A demonstration of advanced `pandas` syntax to accompany Lecture 3.

In [1]:
import numpy as np
import pandas as pd

In [2]:
# Loading the elections DataFrame
elections = pd.read_csv("data/elections.csv")

elections.head() 

Unnamed: 0,Year,Candidate,Party,Popular vote,Result,%
0,1824,Andrew Jackson,Democratic-Republican,151271,loss,57.210122
1,1824,John Quincy Adams,Democratic-Republican,113142,win,42.789878
2,1828,Andrew Jackson,Democratic,642806,win,56.203927
3,1828,John Quincy Adams,National Republican,500897,loss,43.796073
4,1832,Andrew Jackson,Democratic,702735,win,54.574789


#### Integer-Based Extraction Using `iloc`

`iloc` selects items by row and column *integer* position.

Arguments to `.iloc` can be:
1. A list.
2. A slice (syntax is exclusive of the right hand side of the slice).
3. A single value.


In [3]:
# Select the rows at positions 1, 2, and 3.
# Select the columns at positions 0, 1, and 2.
# Remember that Python indexing begins at position 0!
elections.iloc[[1, 2, 3], [0, 1, 2]]

Unnamed: 0,Year,Candidate,Party
1,1824,John Quincy Adams,Democratic-Republican
2,1828,Andrew Jackson,Democratic
3,1828,John Quincy Adams,National Republican


In [4]:
# Index-based extraction using a list of rows and a slice of 
# column integer positions 
elections.iloc[[1, 2, 3], 0:3]

Unnamed: 0,Year,Candidate,Party
1,1824,John Quincy Adams,Democratic-Republican
2,1828,Andrew Jackson,Democratic
3,1828,John Quincy Adams,National Republican


In [5]:
# Selecting all rows using a colon
elections.iloc[:, 0:3]

Unnamed: 0,Year,Candidate,Party
0,1824,Andrew Jackson,Democratic-Republican
1,1824,John Quincy Adams,Democratic-Republican
2,1828,Andrew Jackson,Democratic
3,1828,John Quincy Adams,National Republican
4,1832,Andrew Jackson,Democratic
...,...,...,...
177,2016,Jill Stein,Green
178,2020,Joseph Biden,Democratic
179,2020,Donald Trump,Republican
180,2020,Jo Jorgensen,Libertarian


In [6]:
# Extracting data from one column
elections.iloc[[1, 2, 3], 1]

1    John Quincy Adams
2       Andrew Jackson
3    John Quincy Adams
Name: Candidate, dtype: object

In [7]:
# Extracting the value at row 0 and the second column
elections.iloc[0,1]

'Andrew Jackson'

#### Context-dependent Extraction using `[]`

We could technically do anything we want using `loc` or `iloc`. However, in practice, the `[]` operator is often used instead to yield more concise code.

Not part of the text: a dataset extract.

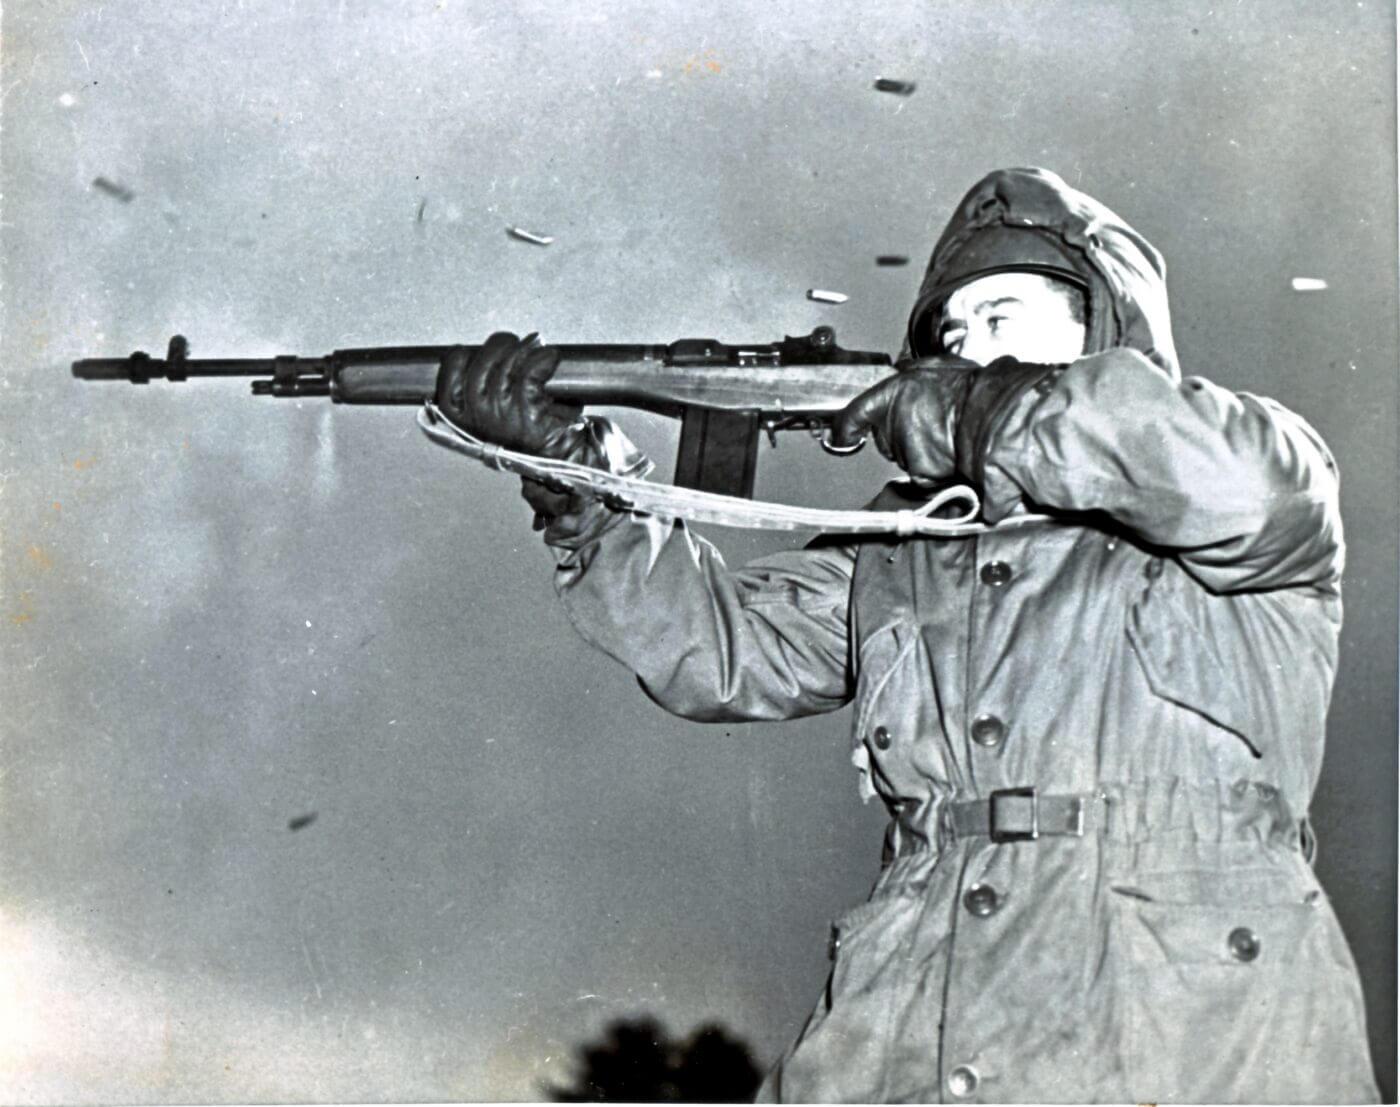 U.S. soldier firing an M14 in January 1952
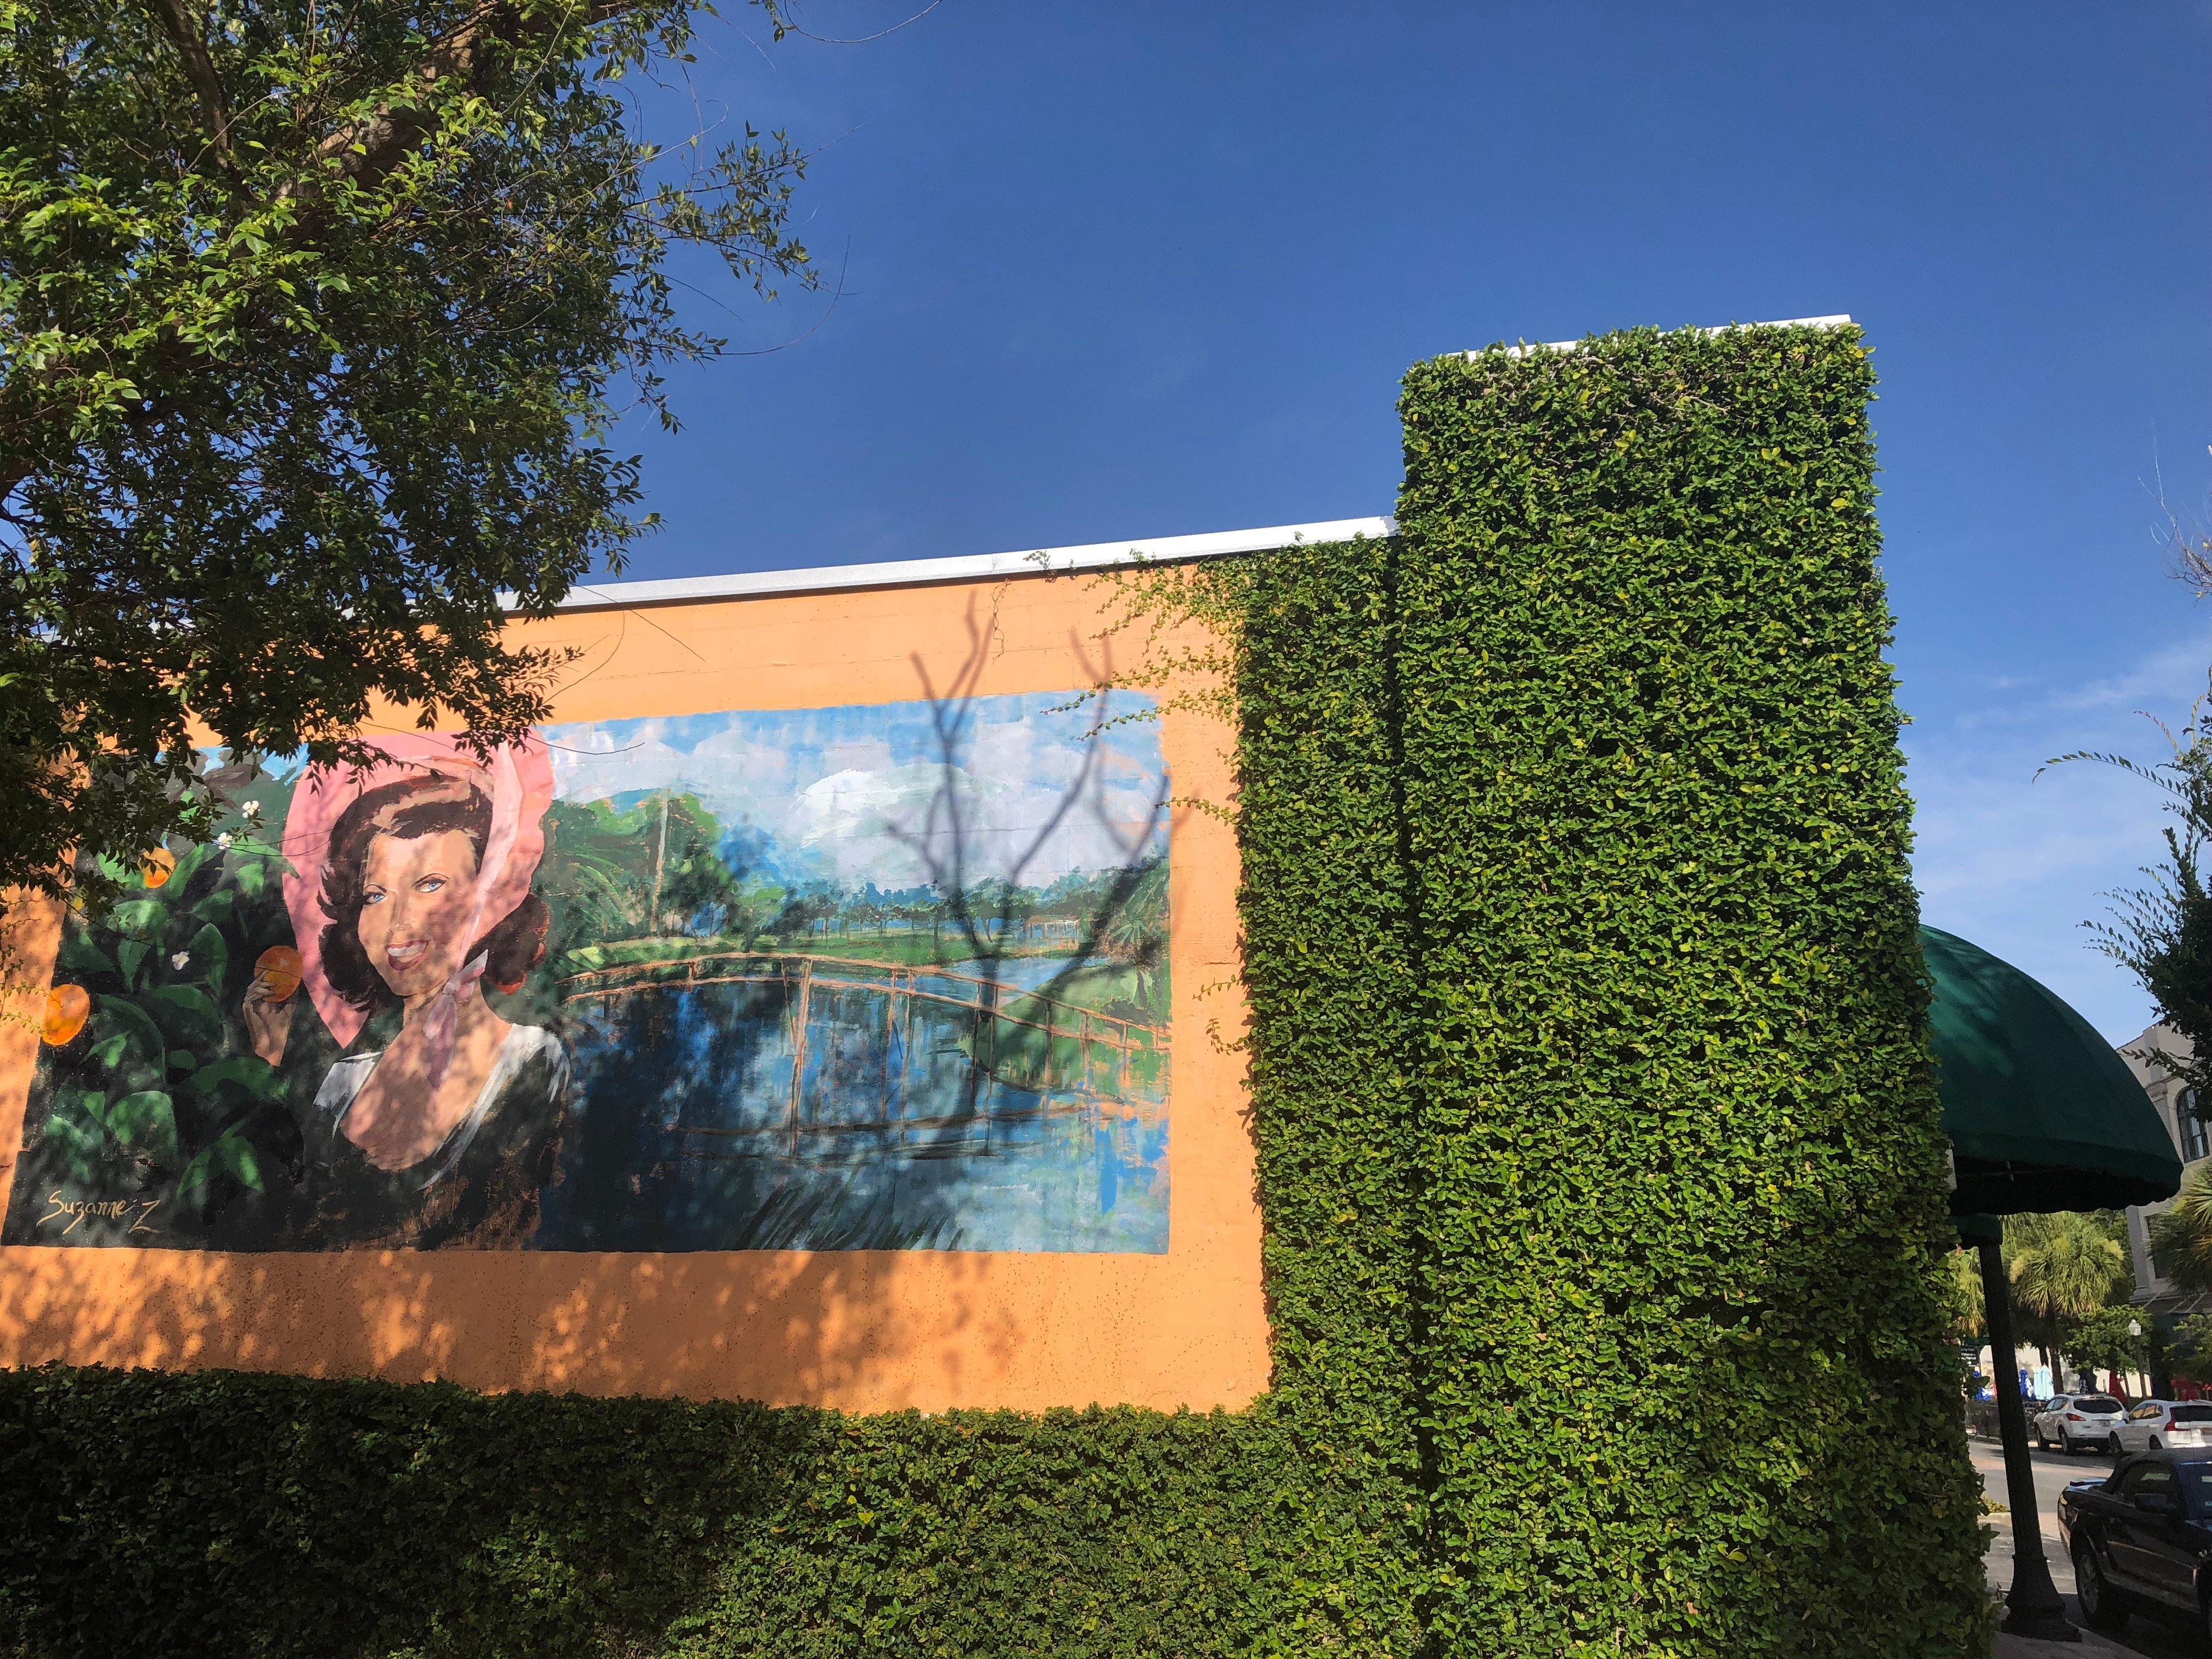 Downtown Leesburg, FL mural

`[]` is a bit trickier to understand than `loc` or `iloc`, but it achieves essentially the same functionality. The difference is that `[]` is *context-dependent*.

`[]` only takes one argument, which may be:
1. A slice of row integers.
2. A list of column labels.
3. A single column label.


If we provide a slice of row numbers, we get the numbered rows.

In [8]:
elections[3:7]

Unnamed: 0,Year,Candidate,Party,Popular vote,Result,%
3,1828,John Quincy Adams,National Republican,500897,loss,43.796073
4,1832,Andrew Jackson,Democratic,702735,win,54.574789
5,1832,Henry Clay,National Republican,484205,loss,37.603628
6,1832,William Wirt,Anti-Masonic,100715,loss,7.821583


If we provide a list of column names, we get the listed columns.

In [9]:
elections[["Year", "Candidate", "Result"]]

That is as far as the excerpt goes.